Analysis of differentially expressed (DE) miRNAs and their target gene prediction

Differential expression of miRNAs in the SCI+EA group and the SCI group, was assessed using the Ebseq 2.0 package (40) (P<0.05; |log2 FC|>1, where FC indicates fold change). MiRanda (http://miranda.org.uk/) (41) and RNAhybrid (https://bibiserv.cebitec.uni-bielefeld.de/rnahybrid) (42) software was used to predict the target genes of the DE miRNAs. Overlapping genes from RNAhybrid (energy <-25) and MiRanda (score ≥150; energy <-20) were considered as potential targets of miRNAs. Finally, an integrated mRNA-miRNA interaction network was constructed using Cytoscape software (43) (version 3.5.1).

Gene Ontology (GO) and Kyoto Encyclopedia of Genes and Genomes (KEGG) analysis

GO (http://geneontology.org/) analysis, including molecular function, biological process, and cellular component assignment, was conducted to evaluate the functions of the screened targets.

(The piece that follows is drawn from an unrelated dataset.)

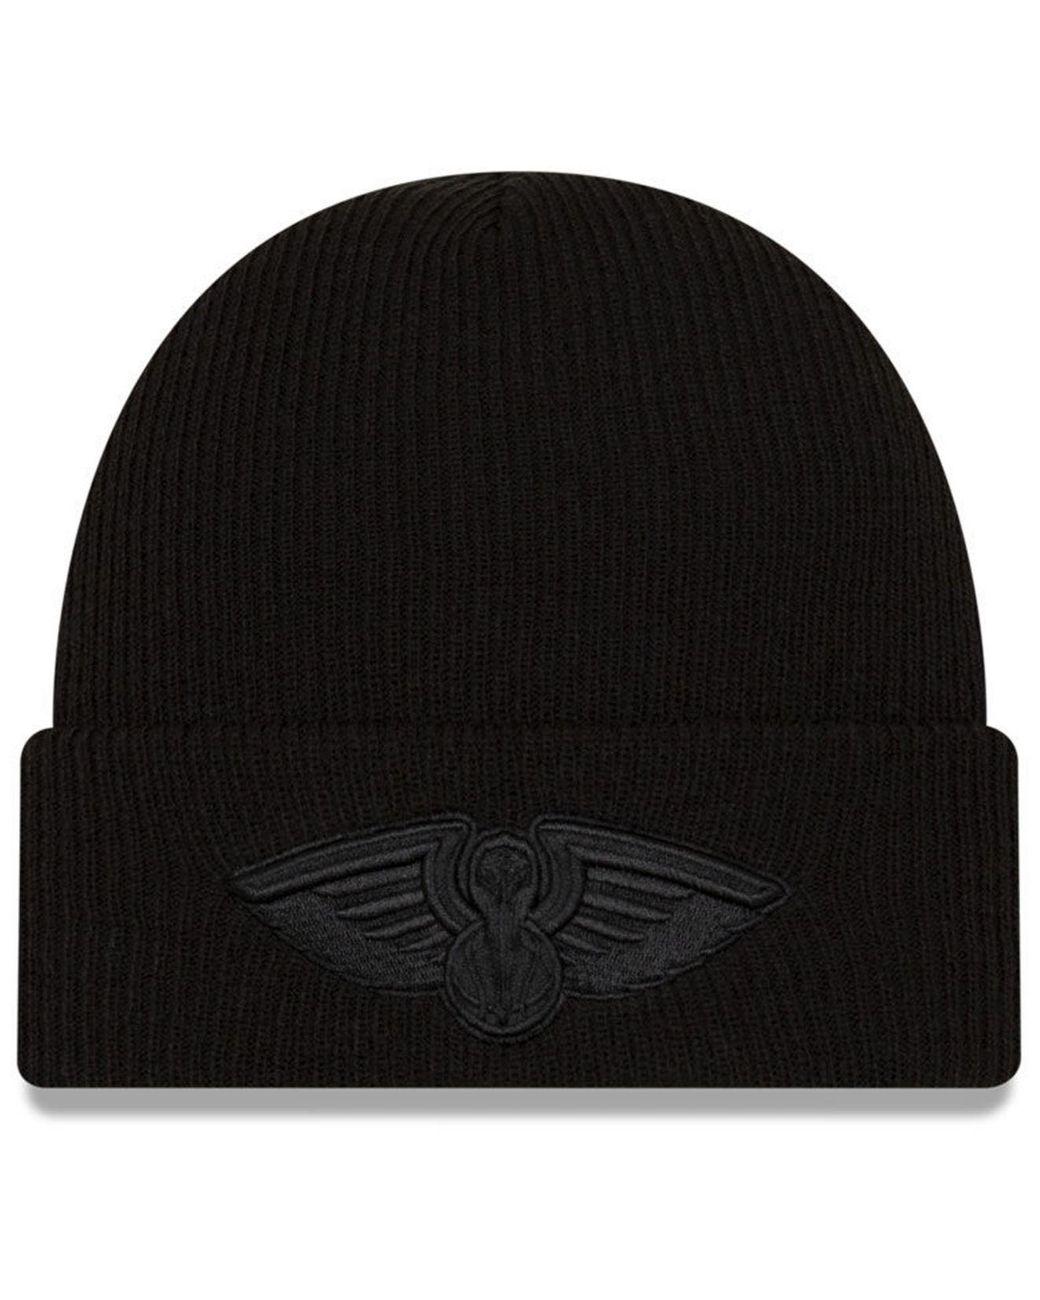 New Orleans Pelicans Blackout Knit Hat
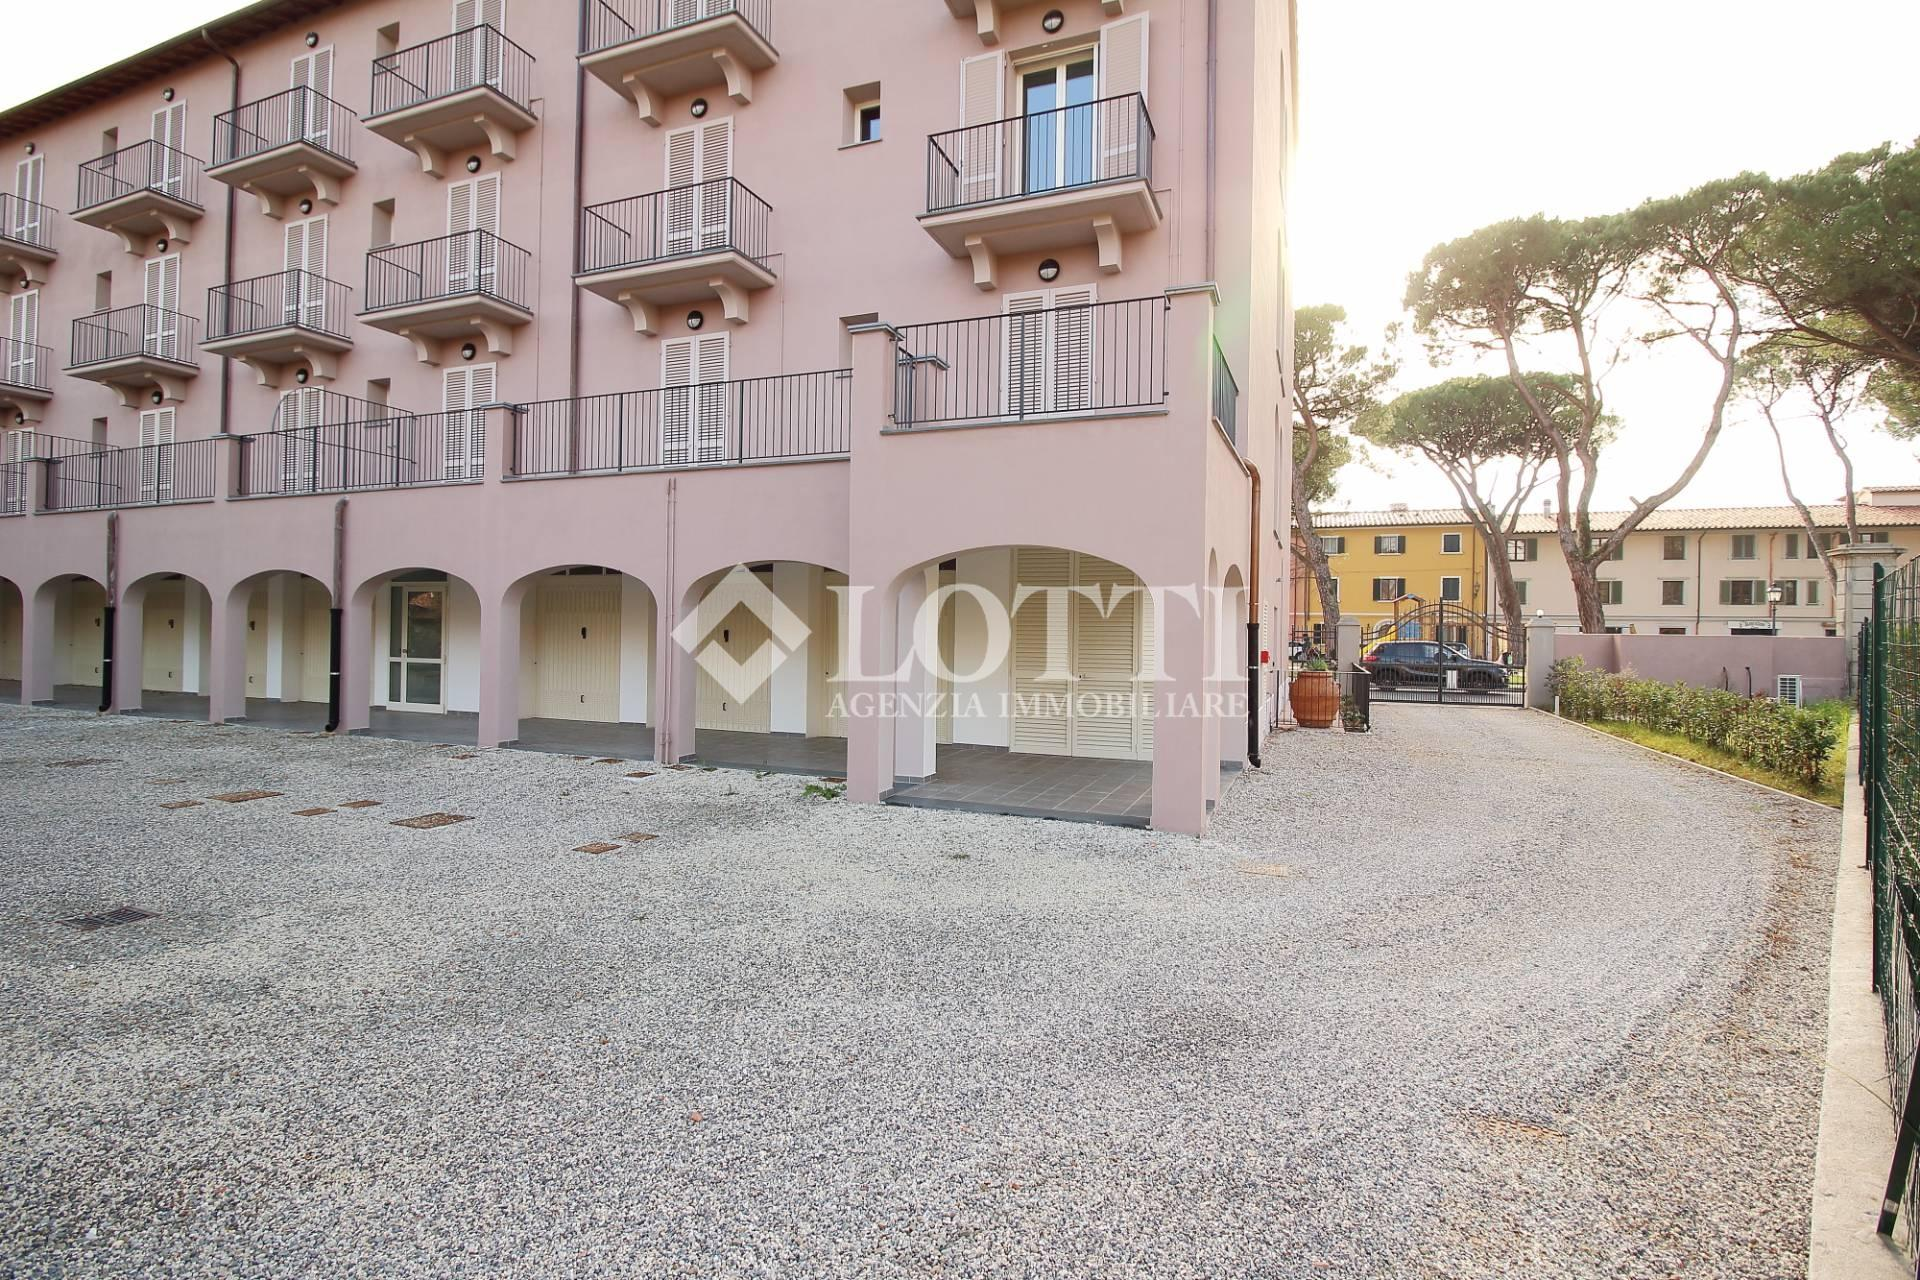 Appartamento in Vendita, rif. 99-F

Pathway enrichment analysis of the miRNA targets was carried out using KEGG (http://www.genome.jp/kegg/) analysis. P<0.05 was considered to indicate a statistically significant difference.

RT-qPCR

Total RNA was isolated from the spinal cords of rats in the SCI and SCI+EA groups 21 days after SCI using TRIzol® reagent (Invitrogen; Thermo Fisher Scientific, Inc.) and reverse transcribed into cDNA using the RevertAid™ First-Strand cDNA Synthesis kit (Thermo Fisher Scientific, Inc.), as per the manufacturer's instructions. Gene-specific RT primers were used for each miRNA.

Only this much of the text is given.